Okay, what's happening here is you've got a command here, the file command, whose entire job is to look at a file and guess what the contents of that file is. For text files, part of that guessing process often involves guessing what the character encoding of the file is. That guessing is not always correct--there's the infamous "the printer can't print on Tuesdays bug" that was caused by the date string in the printer file, on Tuesdays, causing the file command to think it was an entirely different type of file [1]. There's another famous bug where starting a text file with a 4-letter word, two three-letter words, and another 4-letter word would cause Notepad to think the text file was in UTF-16 instead of ASCII [2].

With regards to guessing charsets, this is not always a particularly feasible process. Some charsets are more reliable to guess than others are. UTF-8, for example, tends to stick out--continuation bytes form a pattern that most charsets are unlikely to keep up with for long. Guessing ASCII for text that contains no 8-bit values set is pretty safe, since almost every charset is designed with ASCII-subset-safety in mind, and those that aren't (EBCDIC, UTF-7, UTF-16/UTF-32) are found in relatively constrained environments [3].

[1] https://beza1e1.tuxen.de/lore/print_on_tuesday.html

[2] https://en.wikipedia.org/wiki/Bush_hid_the_facts

[3] ISO-2022-* charsets are mode-switching, relying on the ESC character as part of the sequence to switch to different encodings. So you also have to consider the ESC character as a non-7-bit encoding for reliable ASCII detection.


> Unicode provides a unique code for every character, regardless of the language.

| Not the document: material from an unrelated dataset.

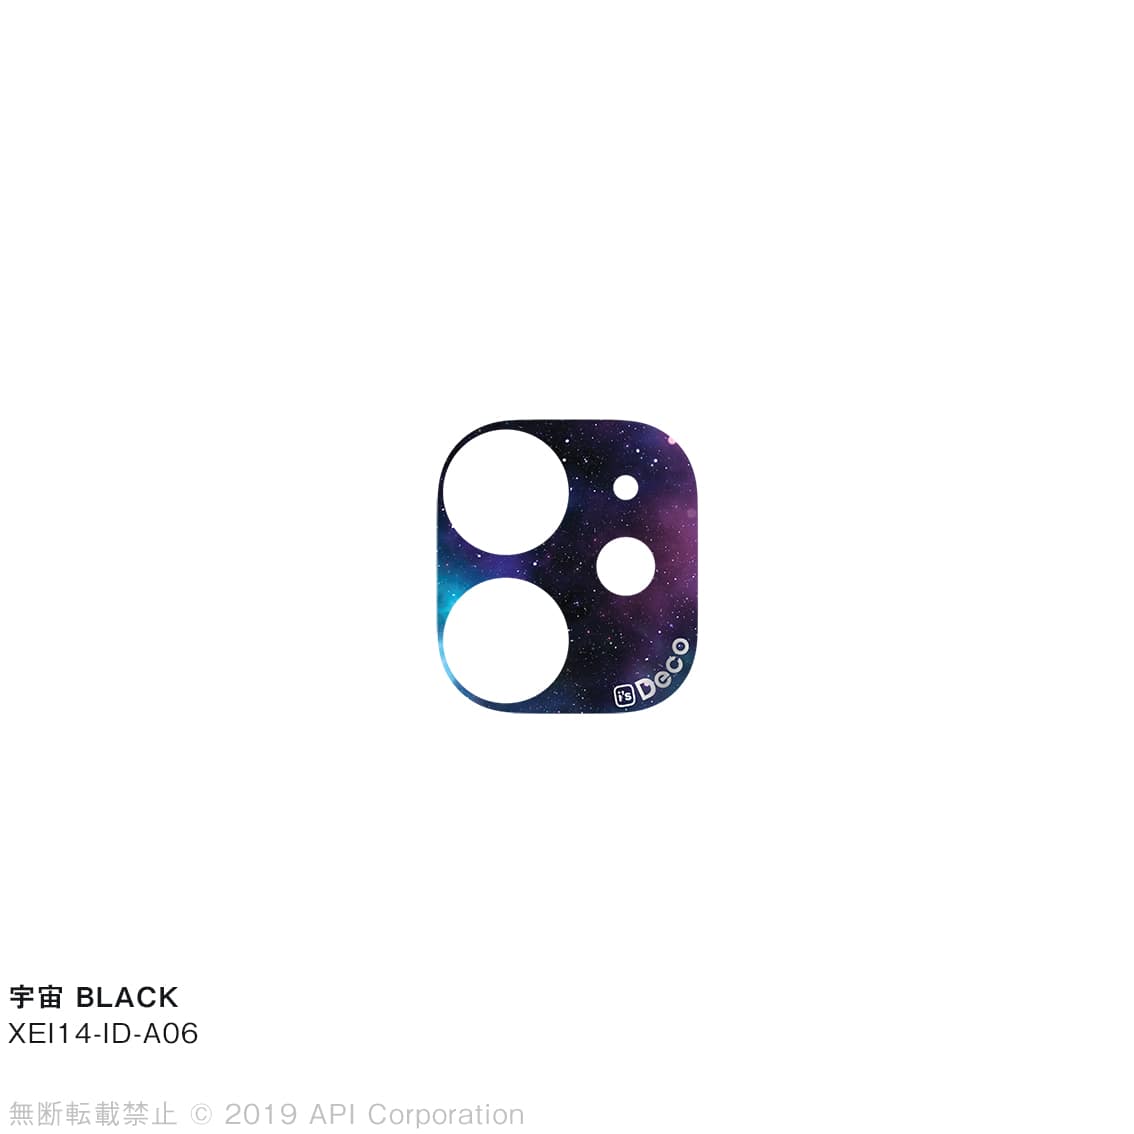 iPhone 11  i's Deco [PATTERN (A05-A08)］

Moreover, this is not strictly true even after the generous reinterpretation (assuming "unique-under-normalization", "code point sequence", "abstract character" and "script") because Unicode still doesn't encode some scripts [1].

[1] https://www.unicode.org/standard/unsupported.html


… and Han unification means that you’ll often get one code point representing several different “characters”, and you must convey the language out-of-band (e.g. via an XML or HTML lang attribute) for the text to be correctly understood, sometimes.

https://en.wikipedia.org/wiki/Han_unification


Yeah I've got beef with Unicode. It doesn't support CJK*. Since I work in games and there are a lot of Japanese games that want to be sold in the Chinese market (and vice versa), this is A Problem. I don't know where they got off thinking those character sets were the same, because if I treat them the same, I don't get paid.

*in my particular example, you can say unicode doesn't support Japanese, /or/ doesn't support Chinese. The answer depends on what font you're using. "Han Unification" affects more than just those two languages, but that's what I have experience with.


Thank you for these points. I've made some corrections in the post.

> consider that something like à can consist of either a precomposed "à" code point or an "a" + "` diacritic" sequence

If Unicode provides a precomposed combination doesn't it mean that in fact has a code point for every character? Regardless of offering diacritic combination codes?


From my understanding the precomposed ones don't exist for every character, for latin scripts this might be true but other scripts are more complex.

Simple example is emojies where there isn't a precomposed codepoint for all combinations.